### DATASET EXCERPT

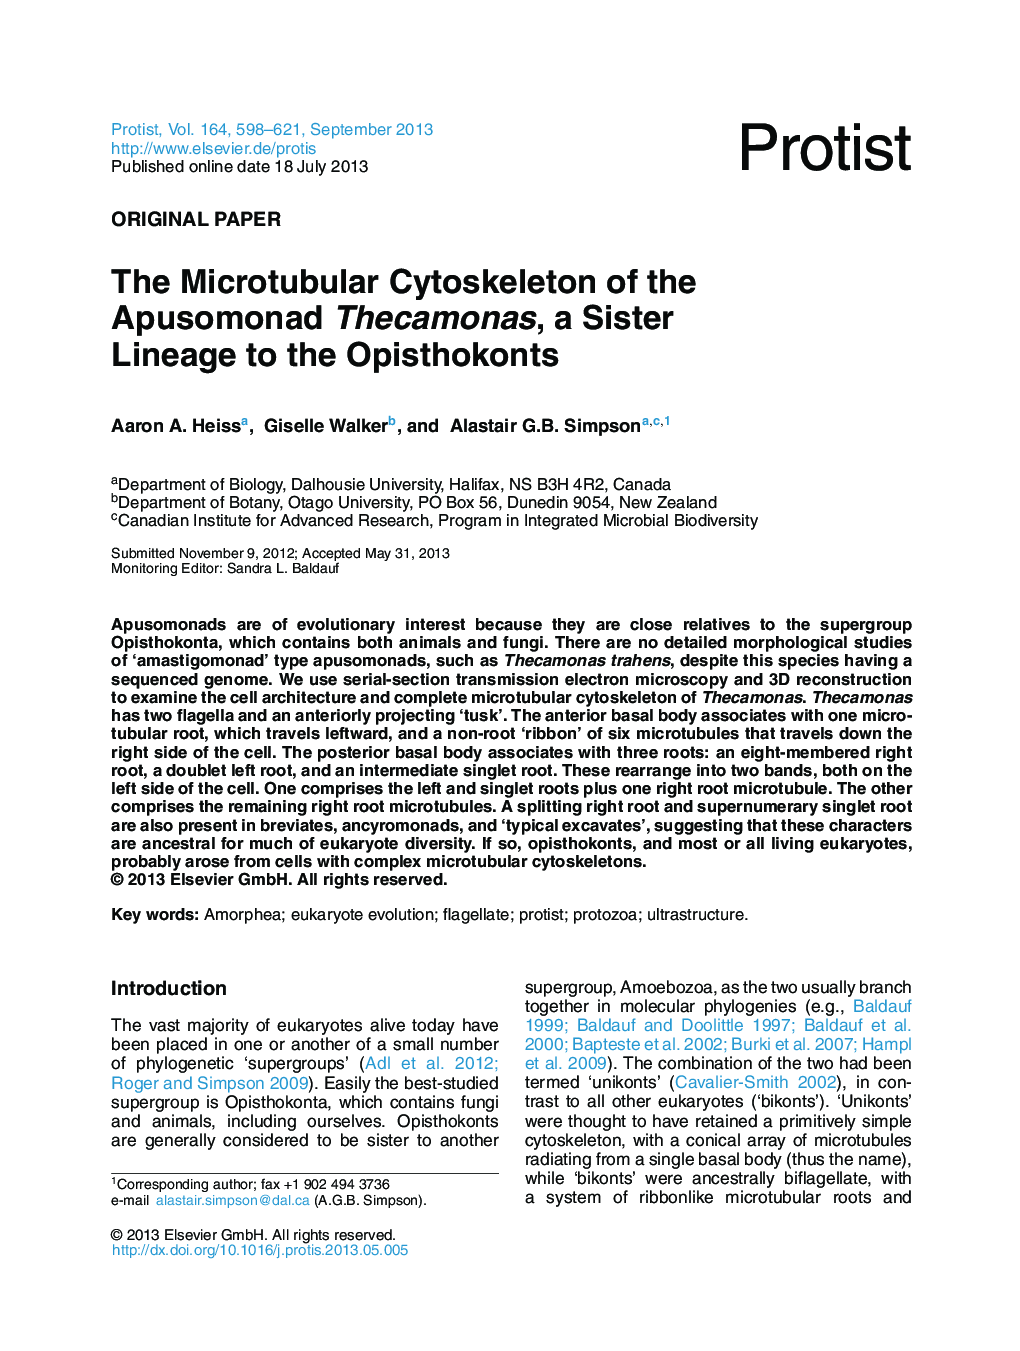 The Microtubular Cytoskeleton of the Apusomonad Thecamonas, a Sister Lineage to the Opisthokonts
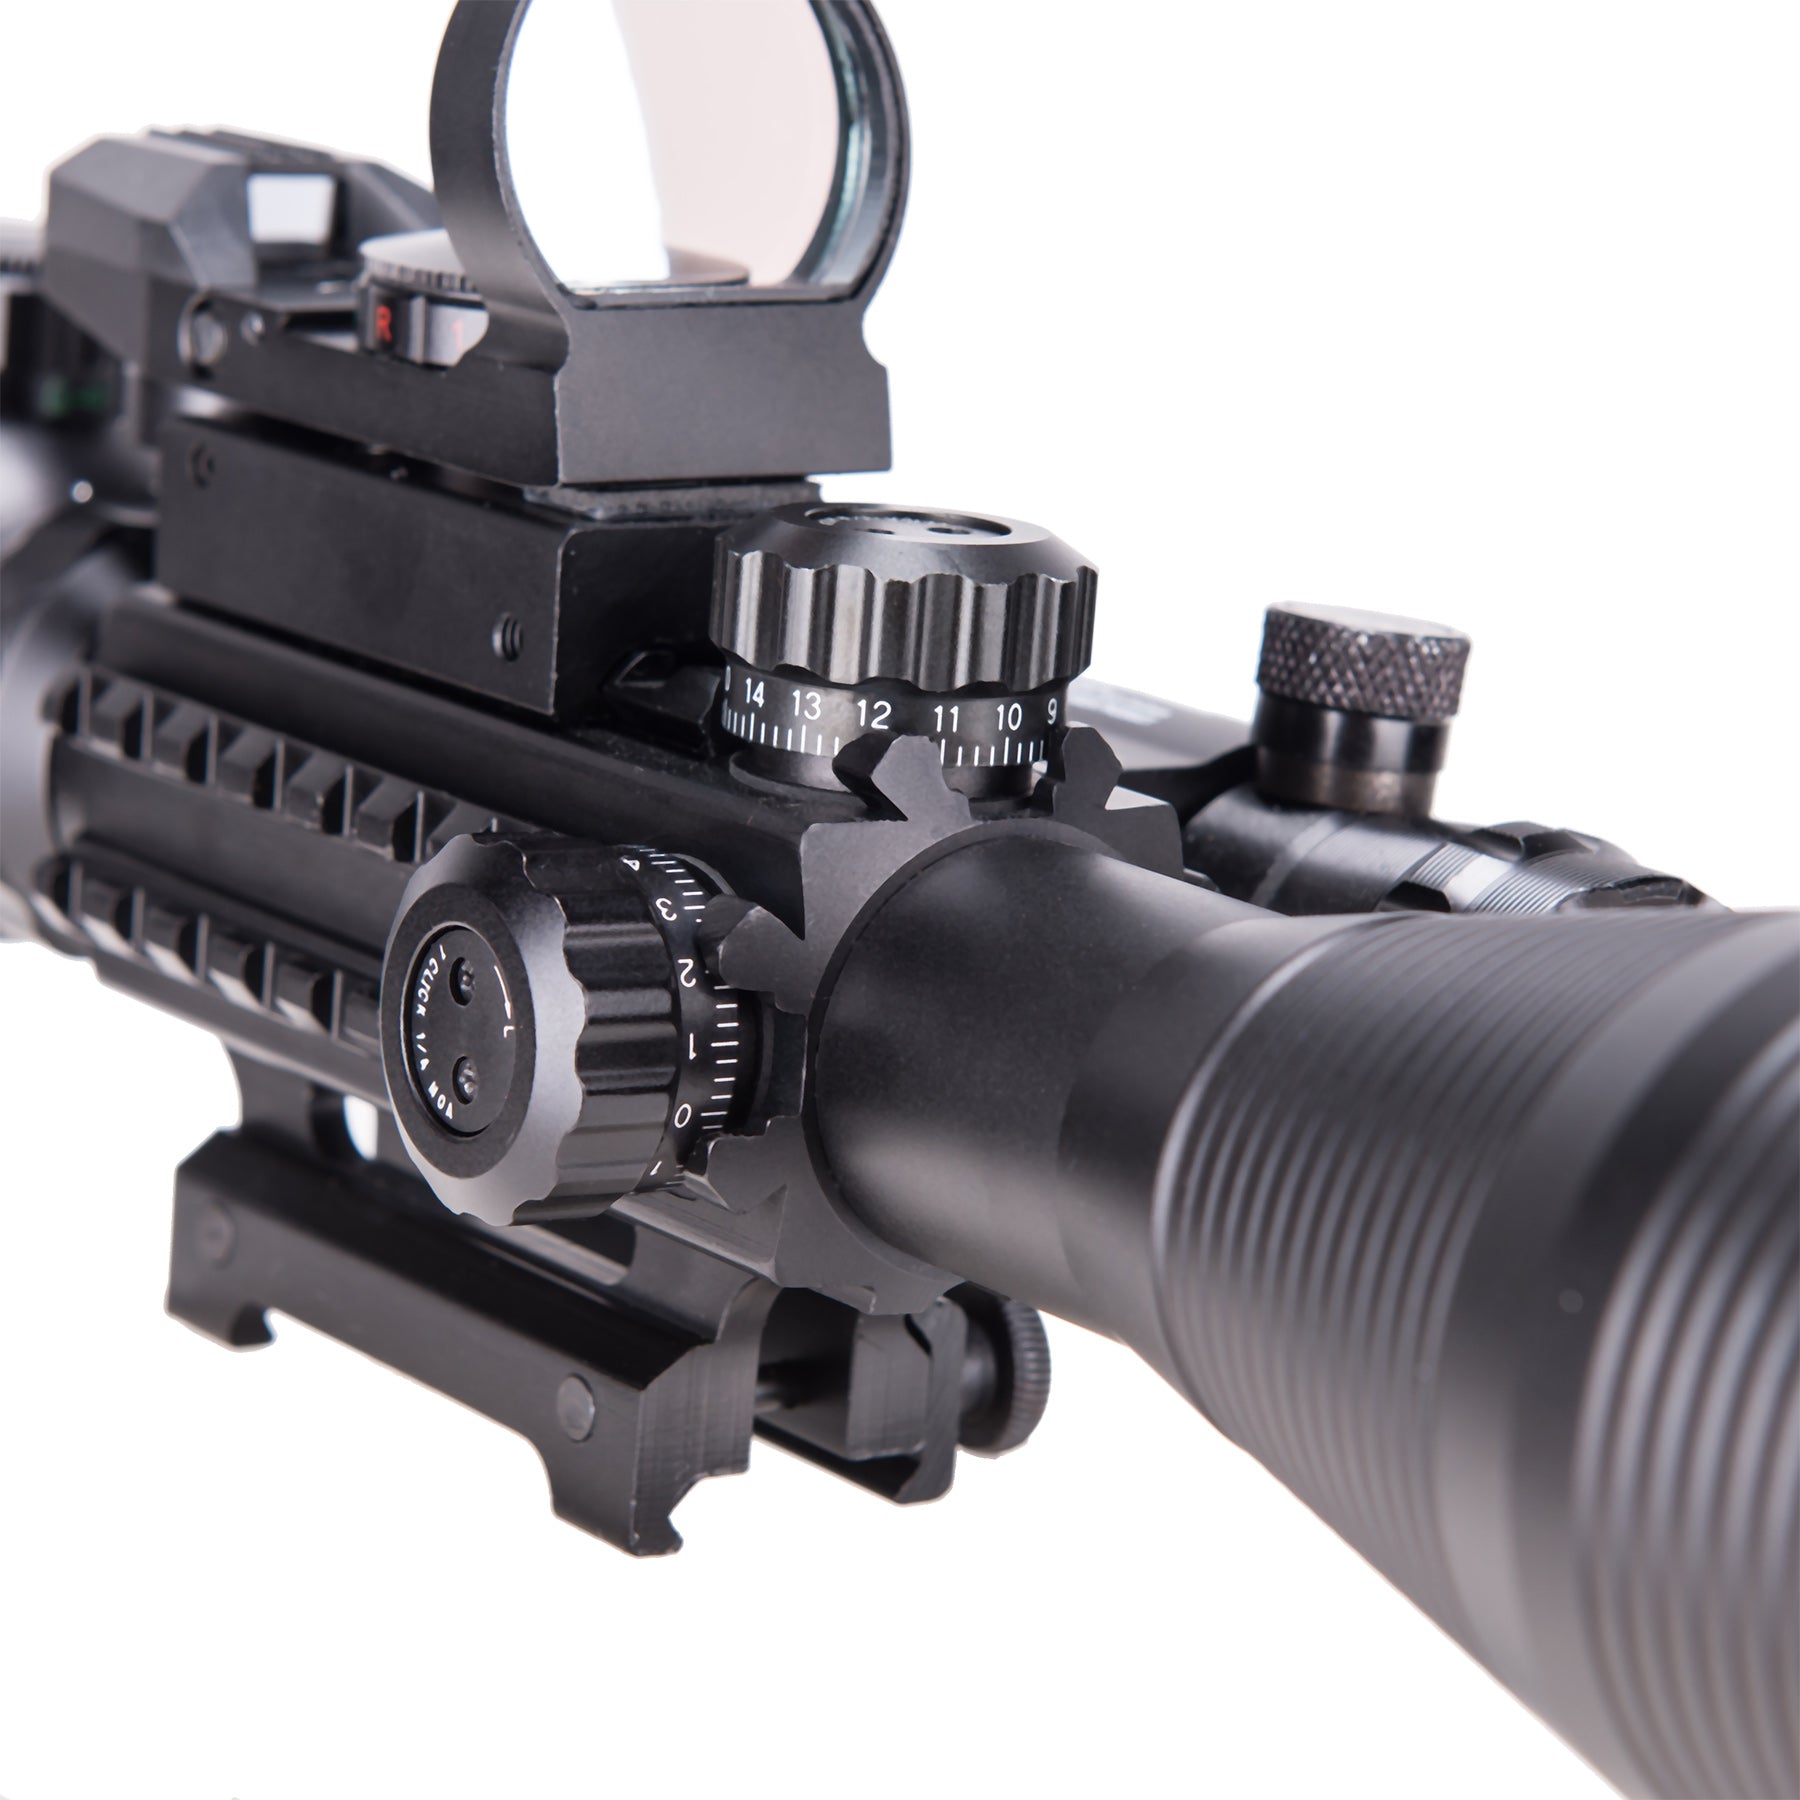 Pinty 3 in 1 Rifle Scope 4-12x50mm EG Rangefinder/Red&Green Reflex Sight/Green Dot Laser Sight-Comprehensive Low Light Vision
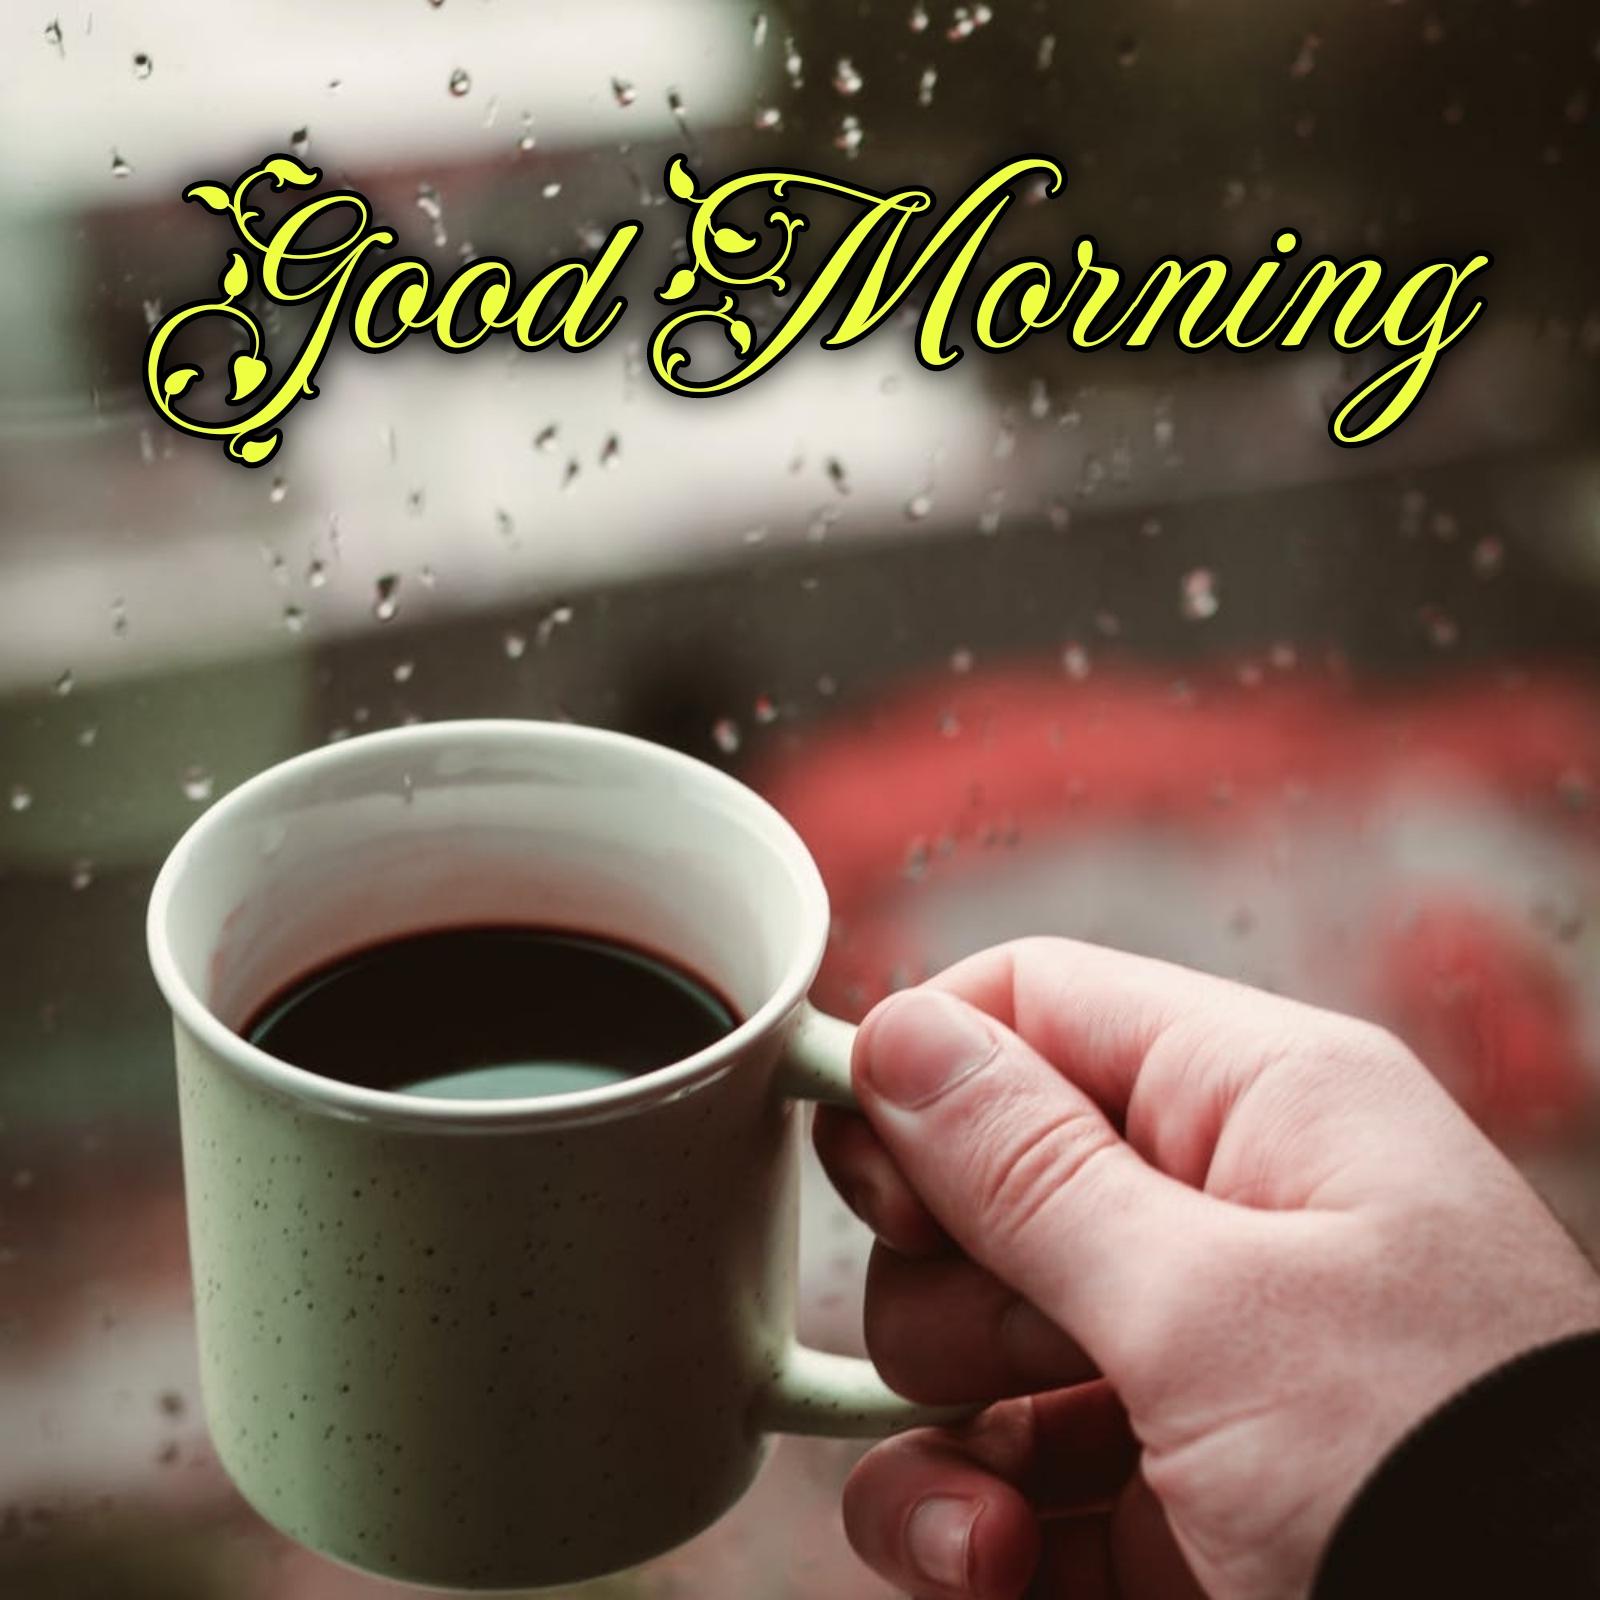 Good Morning Rain Coffee Image

### EXERCISE AIM
Give the data again exactly, image-free.

### YOUR RESPONSE
 The Microtubular Cytoskeleton of the Apusomonad Thecamonas, a Sister Lineage to the Opisthokonts
 Pinty 3 in 1 Rifle Scope 4-12x50mm EG Rangefinder/Red&Green Reflex Sight/Green Dot Laser Sight-Comprehensive Low Light Vision
 Good Morning Rain Coffee Image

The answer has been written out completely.